Nancy Cruzan is obviously alive in a physiological sense. But for patients like [her] . . . there is a serious question as to whether the mere persistence of their bodies is “life” as that word is commonly understood, or as it is used in the Constitution and the Declaration of Independence. The State’s unflagging determination to perpetuate Nancy Cruzan’s physical existence is comprehensible only as an effort to define life’s meaning, not as an attempt to preserve its sanctity.[26]

One could logically conclude from these statements that the dissenting Justices endorsed a “right to die”—and perhaps even a presumption that patients in this condition would choose to exercise that right, and thus have a right (in the absence of contrary evidence of their intent) to have others exercise it for them.[27] While the Cruzan majority rejected this position, its reframing of the Missouri Supreme Court’s decision as one providing “procedural safeguards” —in contrast to the heftier, substantive protections actually articulated by the Missouri court—would have downstream effects not anticipated at the time of the decision. Those effects were quickly evident.

When the case of Nancy Cruzan went back to the trial court, new evidence was adduced that Nancy once served as a teacher’s aide in a school of deaf-blind children (all of whom required laborious assistance in feeding or tube feeding). Two colleagues testified that they and Ms. Cruzan agreed in a lunchroom conversation that they would not want to be kept alive in the condition of some of the students they were serving, especially one 3-year-old who had the mental capacity of a newborn. The witnesses could not remember any specific, direct statements by Nancy, only her general agreement with the sentiments of the group. The trial judge found these statements sufficient to satisfy the “clear and convincing” evidence standard, a questionable ruling in light of the rigorous standards imposed by the Missouri Supreme Court. However, the state did not appeal, and the opportunity was thus lost for further clarification of what type of prior statements would or would not meet those standards. Thus, Nancy Cruzan died, within months of a Supreme Court decision that, many assumed, would result in her life being sustained indefinitely.

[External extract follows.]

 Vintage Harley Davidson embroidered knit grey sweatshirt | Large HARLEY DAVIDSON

The consequences of the Supreme Court’s decision were immediate. First, in order to promote the use of “living wills” and other forms of advance directives, Congress passed the Patient Self-Determination Act, requiring hospitals and other health care institutions to inquire, upon admission, whether a patient had executed such a document—and to provide information on how to do so.[28] Second, commentators also noted that five members of the Supreme Court—the dissenters, plus Justice O’Connor—had rejected any distinction between tube feeding and other forms of life-sustaining medical treatment, thus “settling” any dispute on that issue.[29] Third, and perhaps most important, the “clear and convincing” evidence standard evolved into a form of legal fiction. Far from requiring evidence commensurate with the standards of informed consent, the functional standard in PVS cases would be closer to that endorsed by the Cruzan dissenters. “Some” evidence of patient intent, coupled with a presumption that most patients would choose not to live in this condition and a negation of any countervailing state interest in the preservation of life, would be sufficient to permit the cessation of feeding in such cases.[30]

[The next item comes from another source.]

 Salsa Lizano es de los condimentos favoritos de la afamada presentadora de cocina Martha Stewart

Schiavo: A Misuse of “Autonomy?”

Nowhere was this functional standard more prominently on display than in the battle which ended with the death of Theresa Marie Schindler Schiavo on March 31, 2005. The atmospherics of that battle between Ms. Schiavo’s husband and her parents may have led to the impression that the case established new legal principles and that the seven years of litigation (with more than 50 separate court decisions) was necessary to shape those principles. Neither impression is true.

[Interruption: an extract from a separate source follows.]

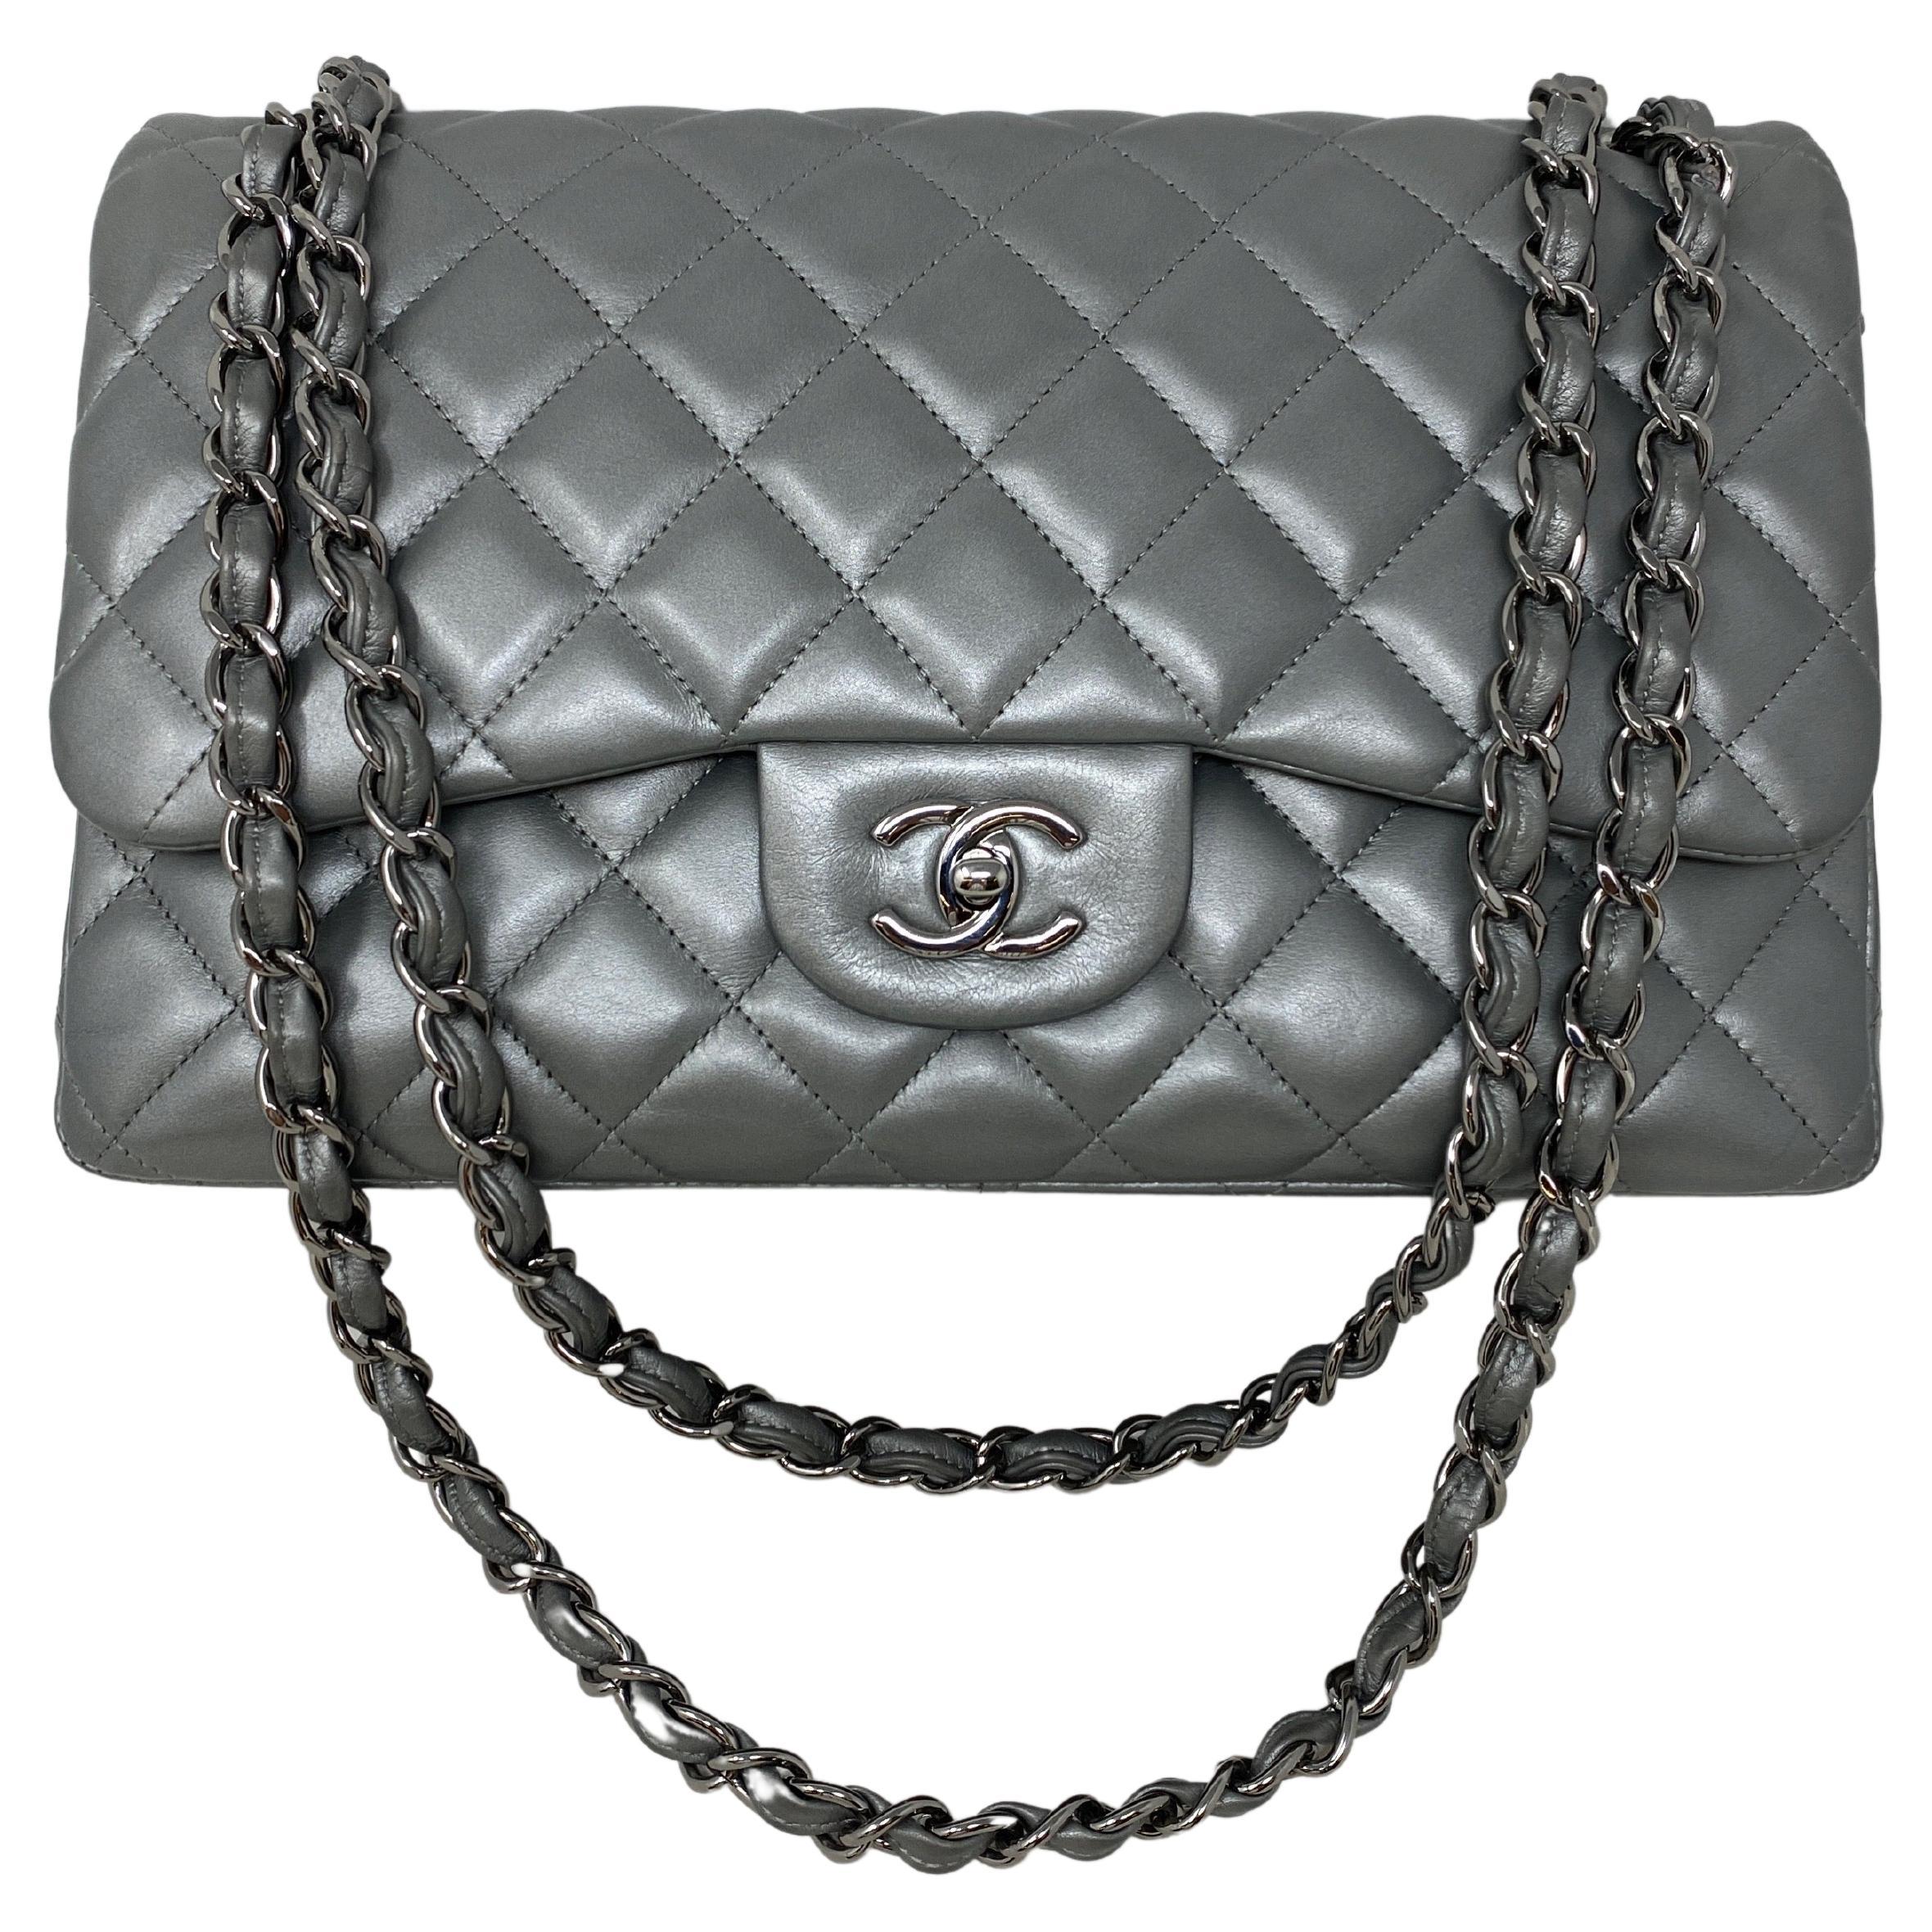 Chanel Silver Metallic Jumbo Bag

Cruzan was settled law by the time the Schiavo controversy arose; several months after Cruzan, the Florida Supreme Court ruled that a surrogate, armed with clear and convincing evidence of a patient’s intent, could authorize the removal of life support (including tube feeding) from a permanently incompetent patient.[31] Schiavo was ultimately about the capacity of the legal system to fairly apply those principles where one party, in this case Ms. Schiavo’s parents, claimed (among other points) that the evidence was not sufficient to meet the “clear and convincing” standard.

The flawed decision of Pinellas County Circuit Court Judge George Greer set the stage for the ultimate result.[32] On February 11, 2000, Judge Greer found: (1) that Ms. Schiavo was in a persistent vegetative state, and thus unable to state her preferences regarding continued medical treatment; (2) that her husband and court-appointed guardian, Michael Schiavo, was the appropriate person to act as her surrogate; and (3) that prior statements made by Ms. Schiavo to her husband and to members of her husband’s family constituted “clear and convincing” evidence that she would not want her life sustained in this condition.[33]

The decision was a mirror image of the second Missouri trial court decisions in Cruzan. The evidence adduced regarding Ms. Schiavo’s intent was, if anything, murkier than that presented in either phase of Cruzan: in reaction to the terminal illness of her mother and to watching an unidentified television program regarding the care of a severely brain-injured patient, she allegedly said that she would not want to be “kept alive on a machine,” or, if comatose, sustained by “tubes.”[34]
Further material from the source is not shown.